他们说秦筝根本不是正牌女友,是邵行野和顾音之间的小三。
说秦筝给邵行野做了一年多的情妇,人家顾音这个正房都怀孕了,秦筝还死缠烂打。
各种流言蜚语满天飞,秦筝没澄清过一句。
但杨潇寒知道,秦筝不是小三,她是这场感情纠葛里的绝对受害者。
刚分手的时候,秦筝每一天晚上都躲在床帐里压抑地哭。
不敢哭出声音影响舍友睡觉,就咬自己手掌,杨潇寒见过太多次她手上青紫的牙印。
触目惊心。
有时候半夜醒了,还能从床帐没有封好的缝隙里,看到手机屏幕上溢出来的光。
她或许在一遍遍试图从这段感情里剥离,但那绝对是致命的痛苦。
杨潇寒真的担心她重蹈覆辙。
好友关心的话语比秦筝手中豆浆还要温热,她认真地看向杨潇寒:“不会的,他都结婚有孩子了,而且......”
秦筝垂眸刷卡通行:“我早不喜欢他了。”
.
九点上班,秦筝吃完早饭刚好八点五十五。"
邵行野方才关了车里的灯,屏住气没敢动,秦筝走了,他缓缓吐出一口气。
似有所感,邵行野下车走到垃圾箱那里。
纸箱子封着厚厚几层黄色胶带,不知道被打开又密封过多少次。
邵行野弯腰将这箱子抱起来,抿了下唇。
挺沉。
他单手抱着抵在车身上,去开副驾驶的门,抬头不经意间看到保安室大爷,正狐疑地打量他。
这段时间邵安安腹泻不止,邵行野不得闲,就来过这里两次,但每一次,保安大爷都像防贼。

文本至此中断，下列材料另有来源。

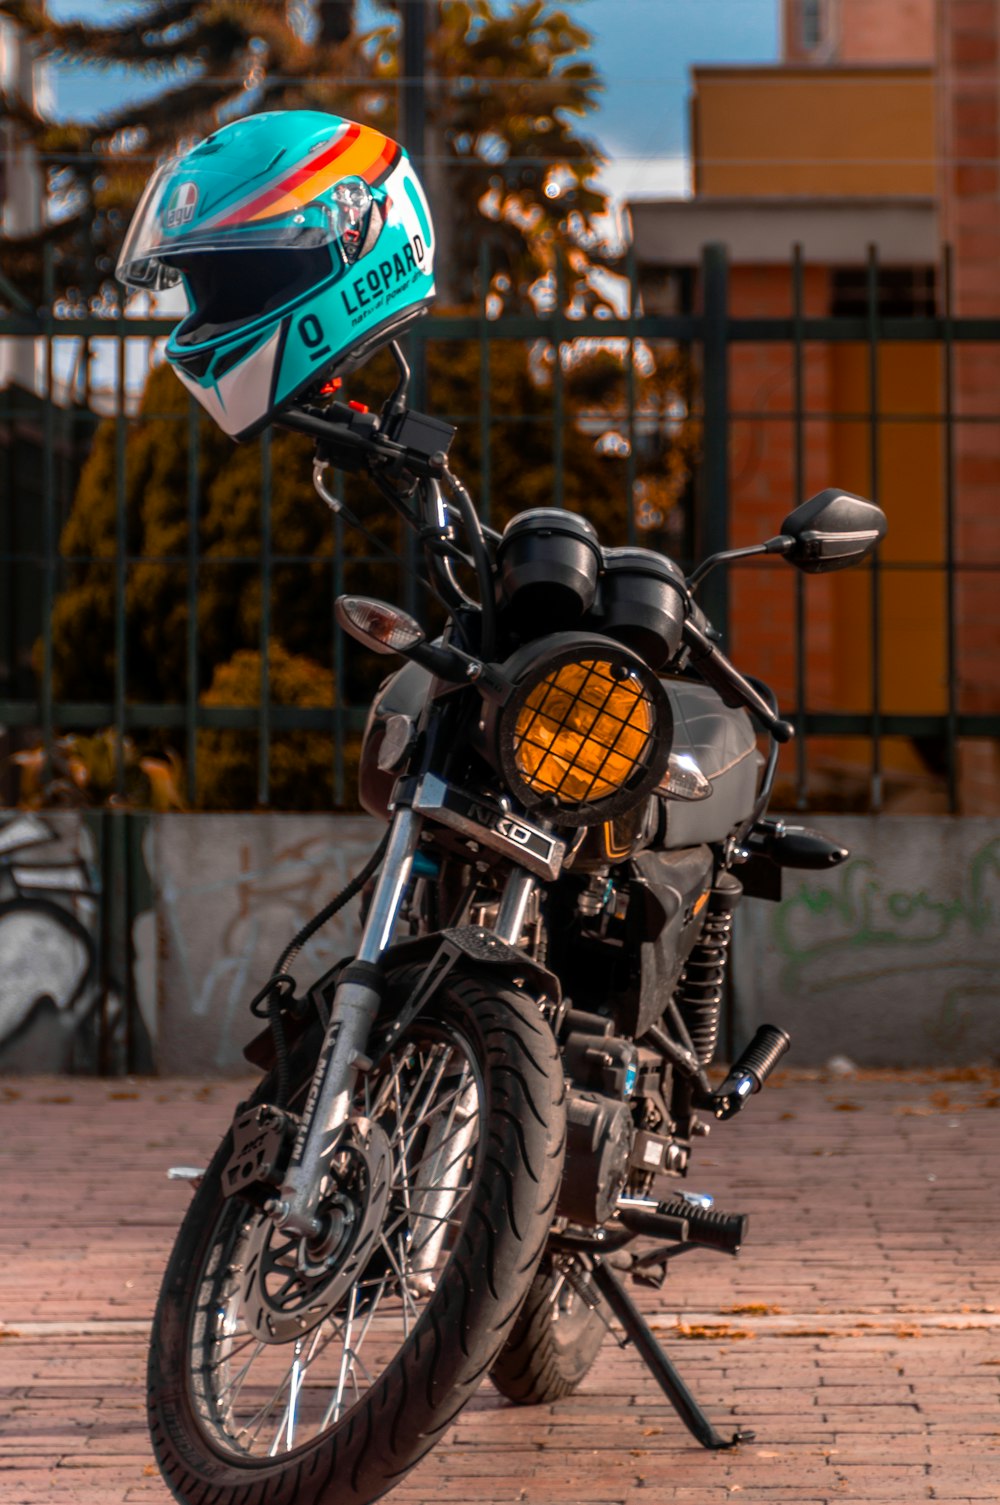 motocicleta preta com tampa azul e verde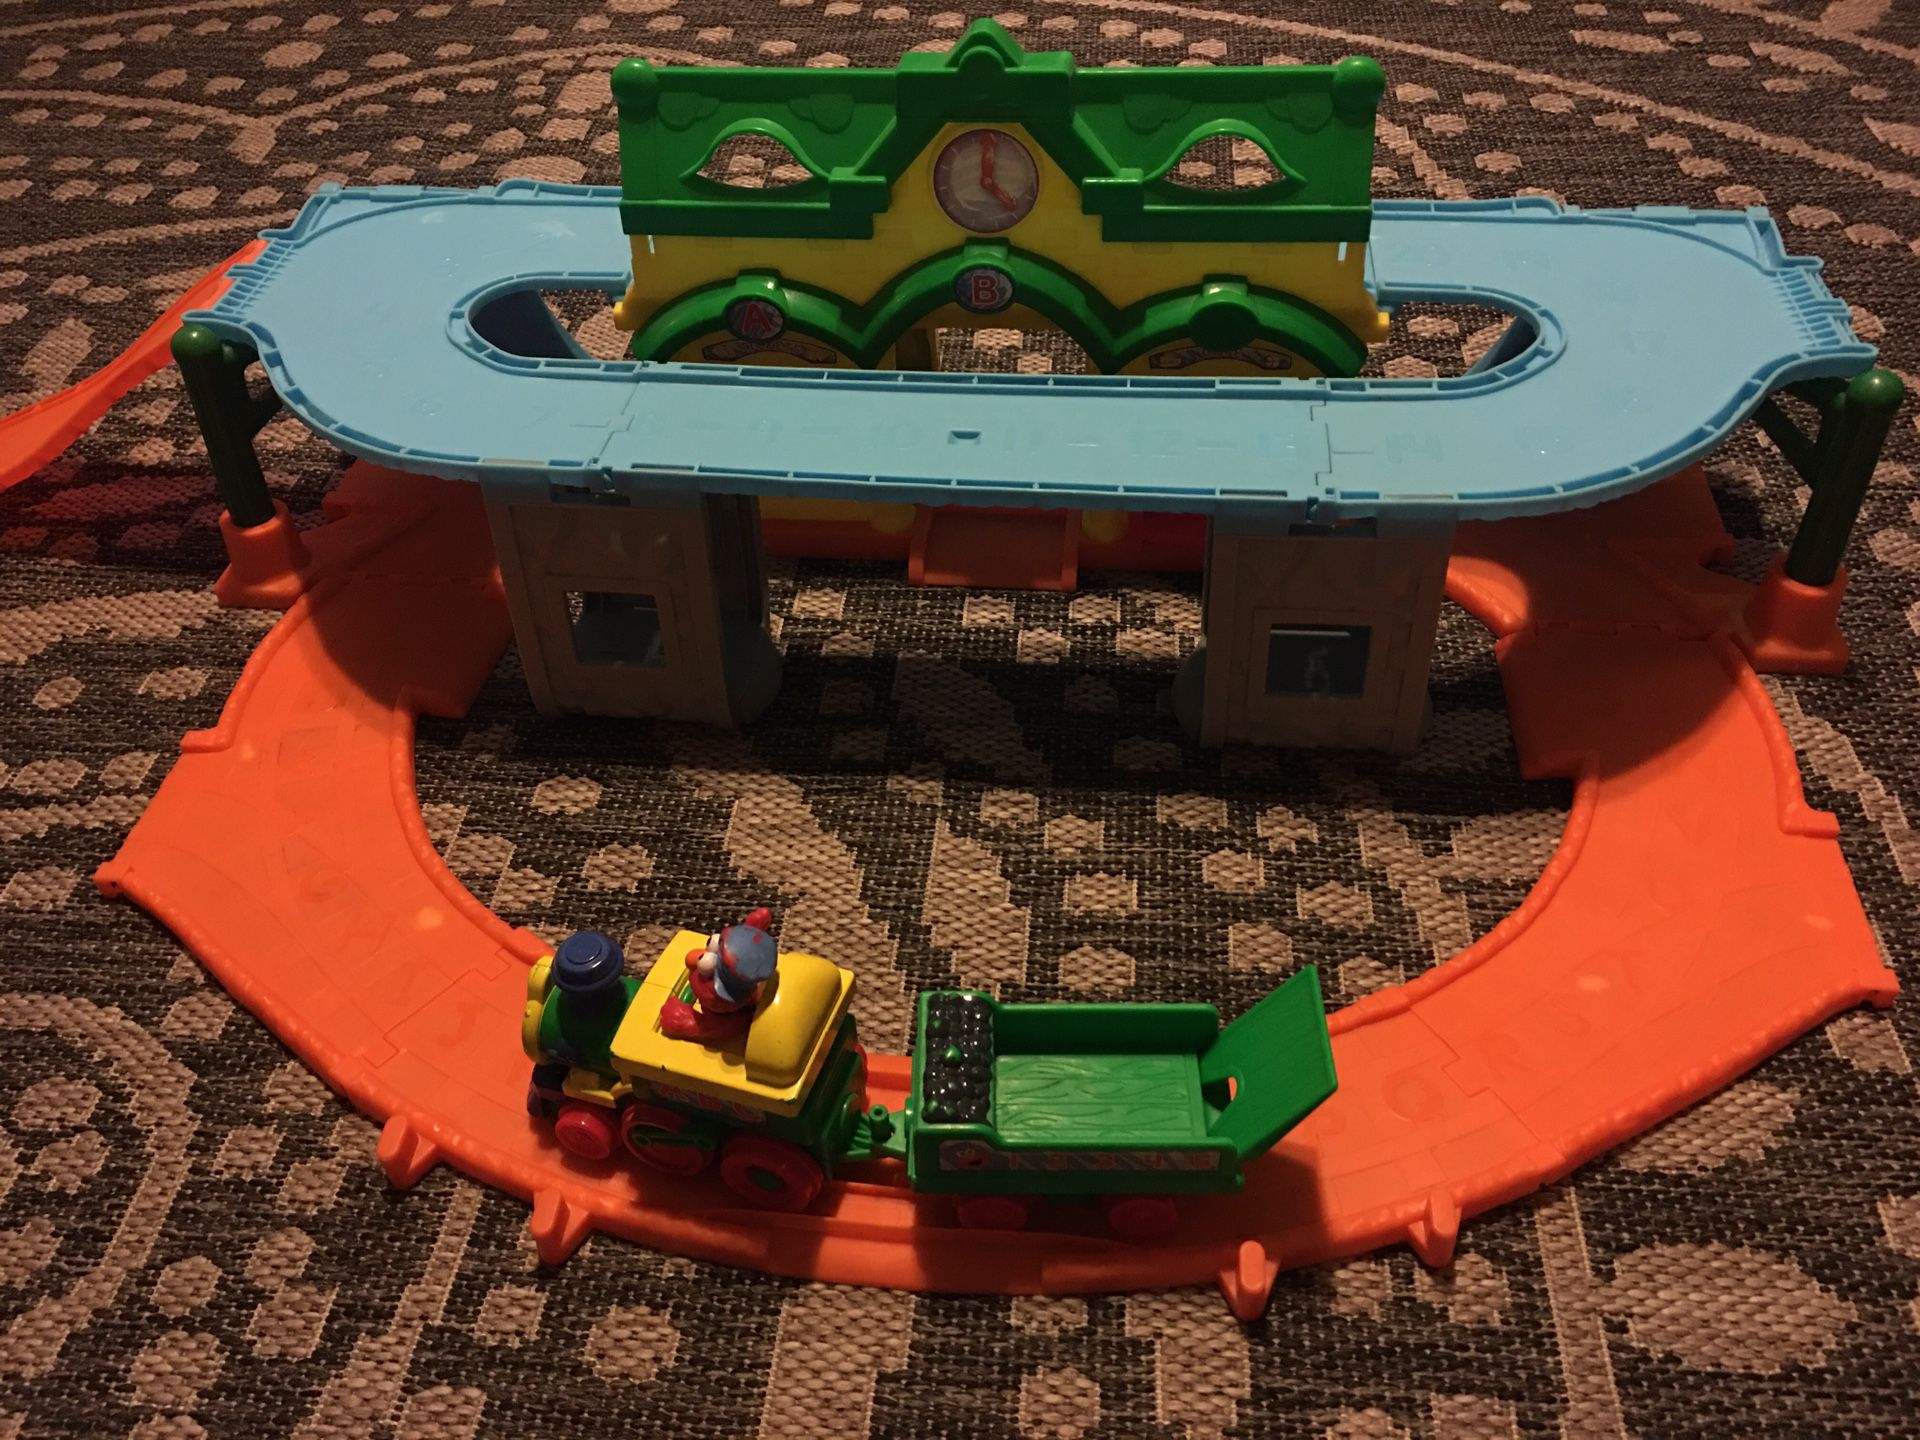 Free Elmo train station play set

邵行野没在意,箱子放进去,开车去了自己在市区的住所。
箱子放在茶几上,旁边摆着一把刻刀,邵行野竟没有勇气打开这个箱子。
许久,他才划开最上面的胶带。
只一眼,刺得邵行野双目发痛发酸,心口像被一只大手攥住,狠狠捏了把。
疼得他只能将额头抵在箱子边缘,大口呼吸。都是他送给秦筝的礼物,衣服饰品,包,小玩意儿。
还有他们一起做的手工和两人合照。
秦筝丢掉了他们的回忆。
邵行野艰难地拿起一本相册。
打开第一页就是秦筝闭着眼,要往蹦极台下蹦的害怕模样。
这是秦筝第一次蹦极,死死抱着他的腰不肯下去,邵行野边笑边哄,最后秦筝蹦下去了,觉得好玩,还要来第二次。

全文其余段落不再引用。